Up, up, and all the towns are webs of light, sending their orange glow halfway out to space. Even the ocean is tracked and floodlit.
‘Not much dark left these days,’ she says, sadly. ‘Even on the solstice.’
• • •
Back in the birthing room, the torch has given out. Father holds Mother’s hand. The midwife is on hold for the helpline. The baby rests on her mother’s chest, inert; mind lighter than a dust mote floating up from the open page of Aunt Araminta’s book.
In the slack before the tide turns, poised, exhausted, they wait. For something — a change; a decision — not theirs to make — an end, or a beginning?
From the oak outside, a tawny owl chips a piece off the night and blows it across the valley. Whoo? Whooo?
• • •
Up, still up. Sweeping northwards. Clearing the coast of Scotland, the islands, the Pole. The absolute dark of the Winter Solstice. My element. My truth. The planet curves away from us. Ice beads the outside of the bubble. Crystalline fractals, each atom a cosmos, glittering in the fire-woman’s glow.

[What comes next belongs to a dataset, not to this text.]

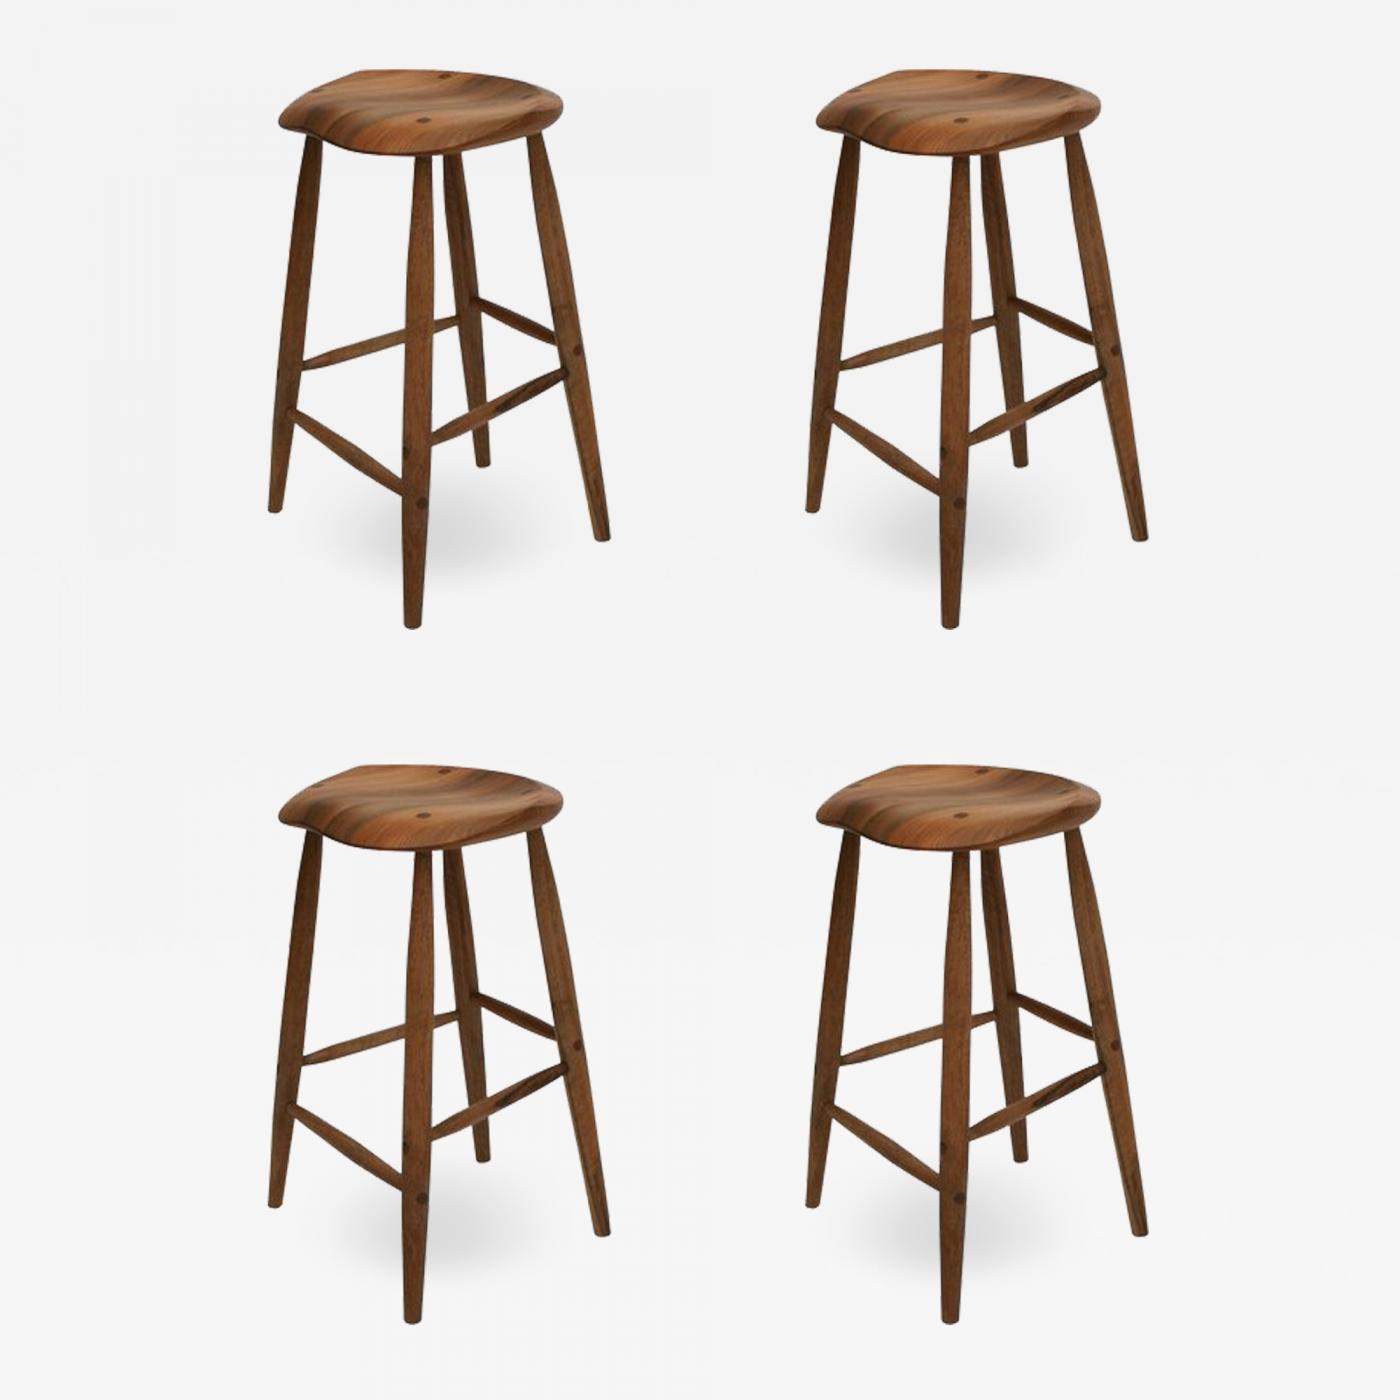 Miraculous Fabian Fischer Handcrafted Studio Four Legged Stool By Fabian Fischer Germany 2019 Ibusinesslaw Wood Chair Design Ideas Ibusinesslaworg

‘Almost midnight,’ she says. The flames have escaped from her mouth and are flickering in her hair, along her arms. ‘Time to choose, kid.’
She opens the door and the whole world comes in.
The dark and the stars and a sweeping iridescence of green light, engulfing us both in its veils, curling and swooping, lifting our feet from the floor. We’re floating, swimming. The green is the exact shade of the night sharks’ eyes.
• • •
In the darkness, the midwife gets ready to say something practical and kind.
A sudden whomp of displaced air and a flare of light brings the three of them to attention. Something is on fire.
Aunt Araminta is on fire. Perhaps it started in her book, the greasy ephemeris, its tinder of dry predictions and sealed fates.
As, far away, Big Zero completes its chiming and joins its hands in prayer, Aunt Araminta and her book have vanished. I shudder once and draw my first breath.